Jason Johnson of Marin General Hospital describes how high security can actually lead to low security in Healthcare.
This is an excerpt of Jason’s comments during a HealthTech Fireside Chat at 500 Startups SF on 21 September 2016.
Also on the panel were Dario Loeb and Geoff Clapp. It was moderated by Hoala Greevy.
Question: High security can lead to low security, what does this mean to you?
“Other than Information Security, my full title is Manager of Information Security and Customer Experience.
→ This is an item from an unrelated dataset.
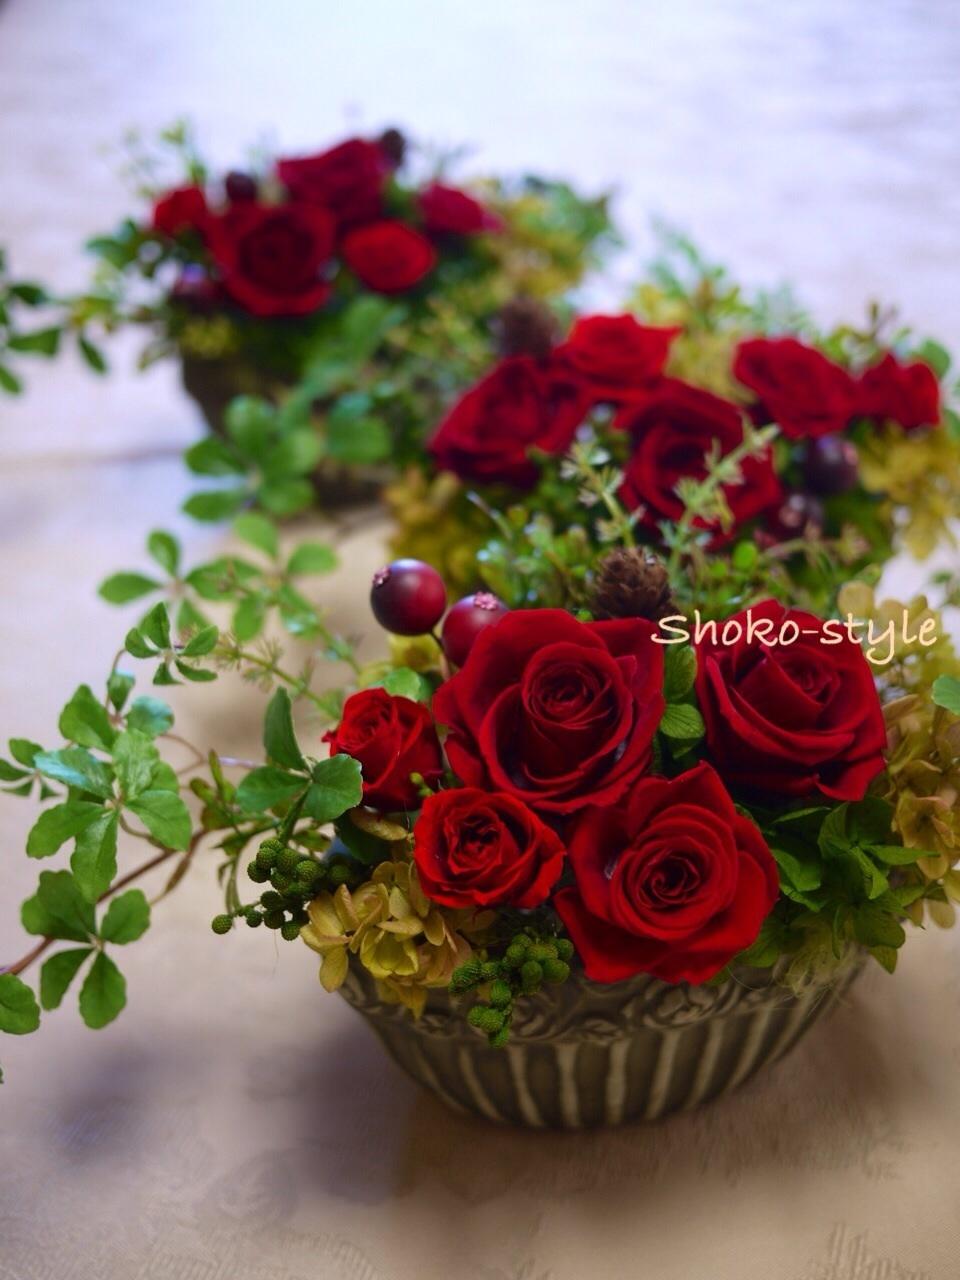 やっぱり赤が好き_a0135999_00134369.jpg

So I know that’s really odd and instead of putting the security guy against the customer service guy, they just make me fight myself in my own office over what to do because we at Marin wanted to take a more pragmatic approach to security.
Because you’re exactly right, high security just means people are going to find a way around the system. So a really good example of that is we just enforced mandatory encryption for emails going out of the hospital with PHI, with social security numbers, medical record numbers, all that. And on paper that’s a no brainer, you need to do that sort of thing.
But, with Microsoft 365, plug to Paubox, you have to go through a portal and you have to enter a passcode and you have to do it over and over again. And we have other partners, other hospitals, that get four or five emails a day, with PHI from us. With non tech savvy users, who don’t wanna go in and enter this over and over.
So we reached out and partnered with the organizations that receive data from us, sent our engineers to work with them, to make their systems decrypt our messages automatically. So they’re delivered directly to Outlook. And if we didn’t do that, they would start sending with their personal email, they’d find a way around it for sure. So going the extra mile and making not only the customer happy, but making the system more secure, is really the only way to go.”